From that conclusion, it makes sense to not want alignment in the news. But what about all the people that would understand and help solve the problem if only they knew about it and how important it is? In other words, shouldn’t the communication of science also serve the purpose of attracting thinkers to work on the problem? This looks like the project of EA so far; it’s challenging and sometimes risky itself, but the community seems to overall have a good grasp of its necessity and to strategize accordingly.
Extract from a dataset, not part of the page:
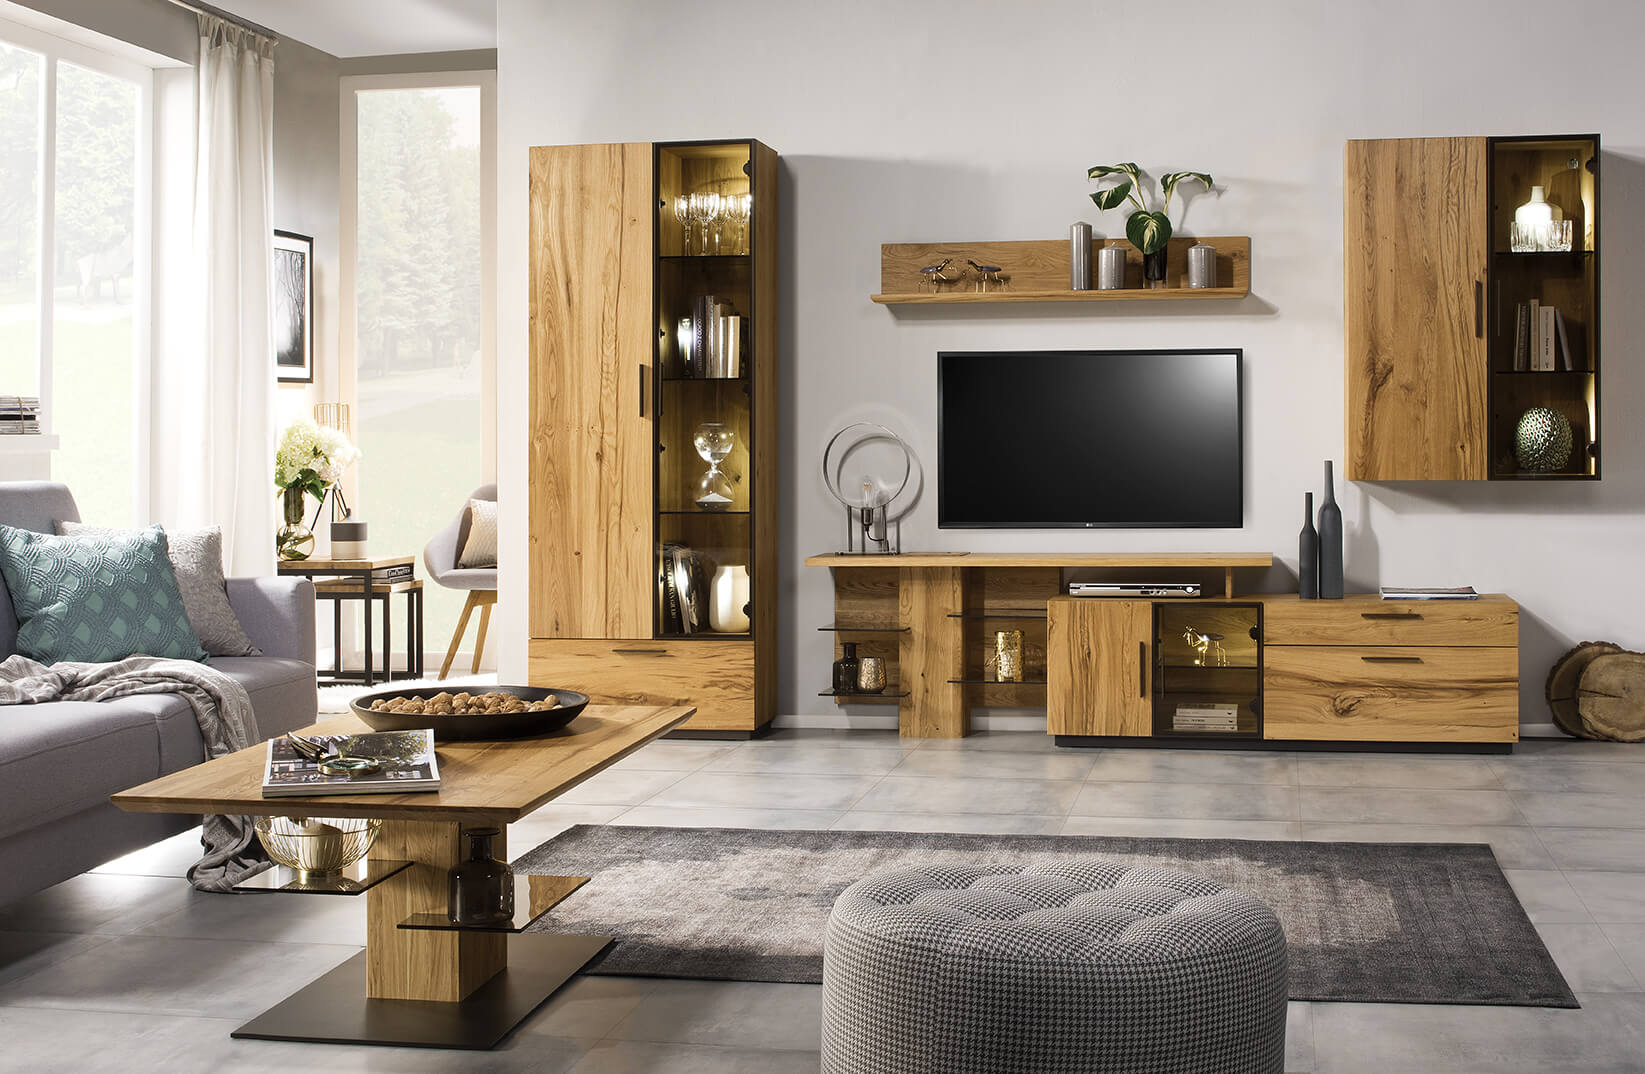 meble-styl-loft-drewno

Now, what about all the non-EA/Rationalist circles that produce scholarly work but refuse to put AI ethics/safety in the appropriate framework? Imagine trying to talk about alignment and your interlocutor thinks that Bostrom’s paperclips argument is unconvincing and too weird to be good analytic philosophy, that it must be science fiction. There are many background reasons why they may think that. The friction this resistance and sci-fi-labelling creates is unlikely to be helpful if we are to deal with short timelines and the urgency of value alignment. What’s also not going to be helpful is endorsing the conceptual, metalinguistic disputes some philosophers of AI are engaging with (for instance, trying to define “wisdom” and arguing that machines will need practical wisdom to be ethical and helpful to humans). To be fair, however, I must note that the necessity to teach machines how to be moral was emphasized by certain philosophers (such as Colin Allen) early on in the late 2000s.
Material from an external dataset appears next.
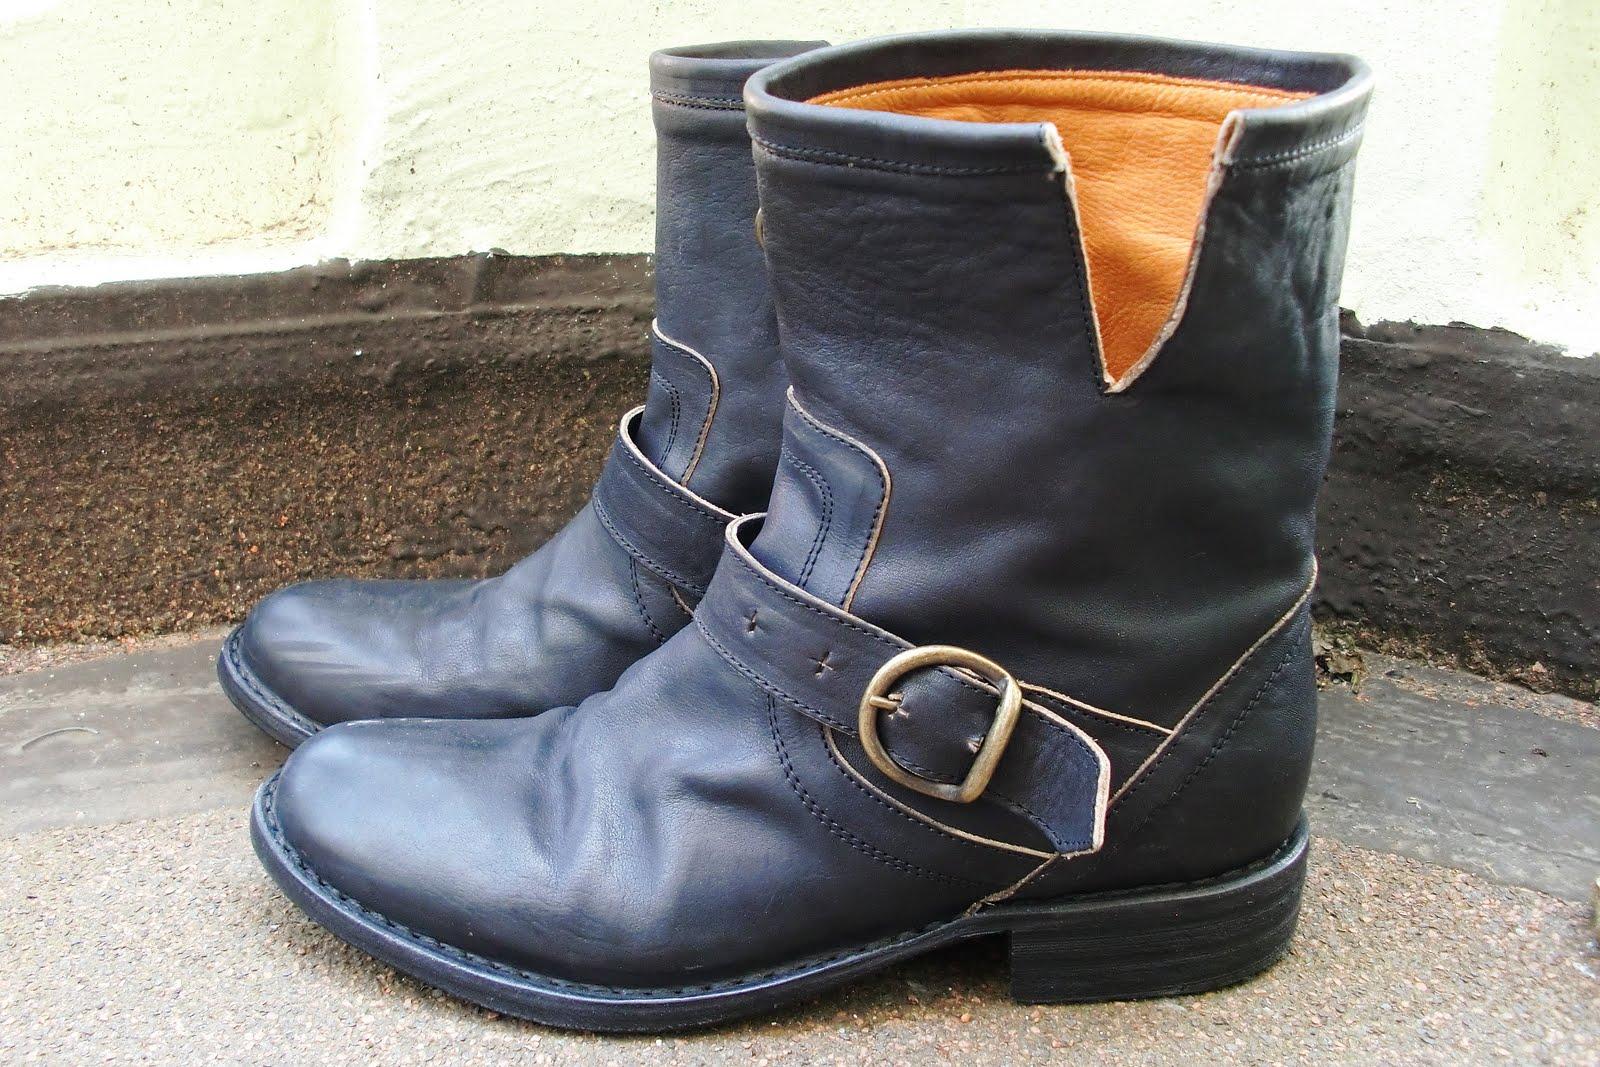 90e3473789d3 fiorentini baker boots DUPE - Fashion - GLAMunity - das GLAMOUR Forum

Moreover, as of now, the state of AI ethics seems to be directed towards questions that are important, but might give the impression that misalignment merely consists of biased algorithms that discriminate among humans based on their physical characteristics, as it often happens for example, with AI image creation systems that don’t take into account racial or gender diversity in the human population. To be clear, I’m neither downplaying the seriousness of this as a technical problem nor its importance for the social domain. I just want to make sure that the AI ethics agenda prioritizes the different risks and dangers in a straightforward way, i.e., existential risks that accompany the development of this technology deserve more effort and attention than non-existential risks.
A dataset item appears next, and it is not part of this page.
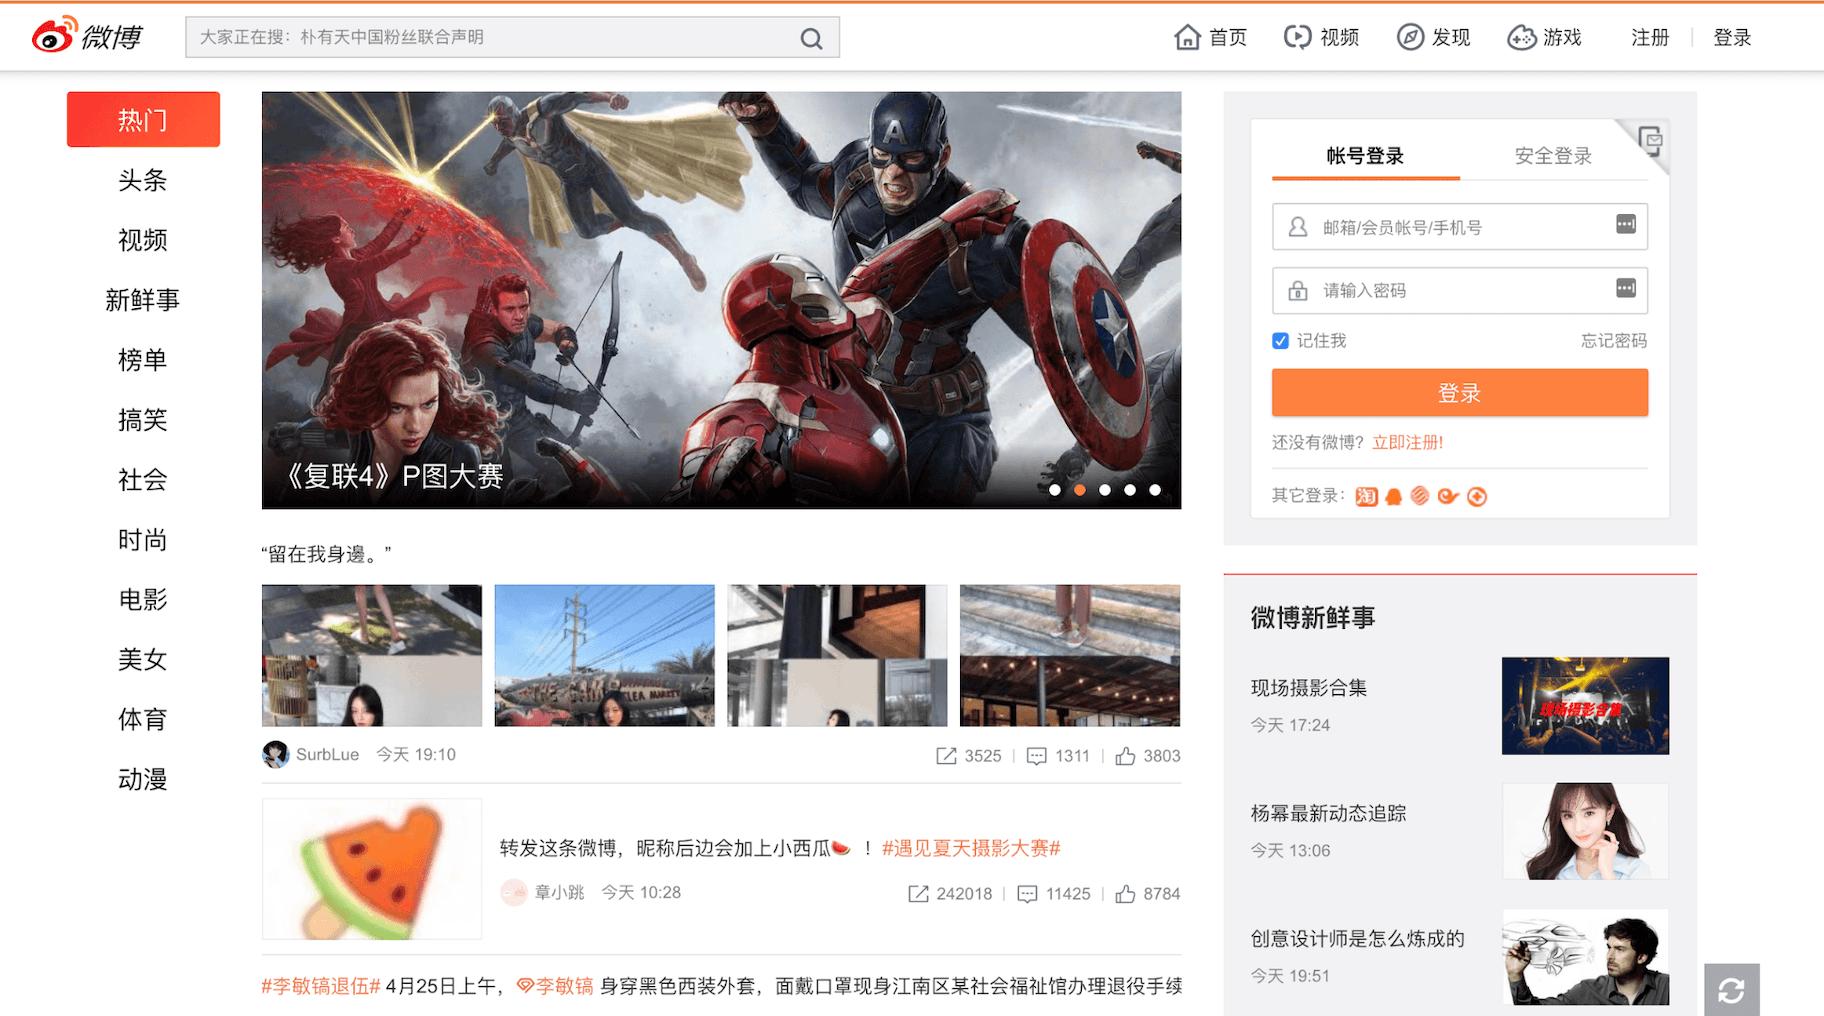 Sina Weibo Social Media Sites

In conclusion, here I list some reasons why I think AI safety is so difficult to talk about:
It’s actually weird to think about these issues and it can mess with one’s intuitions about how science and technology progress; the amount of time each of us spends on earth is too short to be able to grasp how fast or slow technological advancements took place in the past and to project that into the not-so-distant future.
This weirdness entails significant uncertainties at different levels (practical, epistemic, moral). Uncertainty is by itself an uncomfortable feeling that people usually try to repel in various ways (e.g., by rationalizing).
It’s a very new area of organized research; many of the AI safety teams/organizations have been around for only a couple of years.
There isn’t a lot of work published in peer-reviewed journals (which is a turn-off for many academics who don’t give credibility to blog posts, despite the fact that many of them are well-researched and technically rigorous).
Narratives about future catastrophic scenarios exist in most cultures and eras. The belief that “our century is the most important one” isn’t special to our time. If people were wrong about their importance in the past, why would our case be any different?
There’s a widespread reluctance to take seriously what our best science takes seriously (which is not limited to issues in AI).
There’s a broader crisis in science communication and journalism that creates skepticism towards research communities.
There are persistent open questions in the philosophy and theory of science such as the demarcation problem, what makes a claim scientific, how falsifiability works, and many more.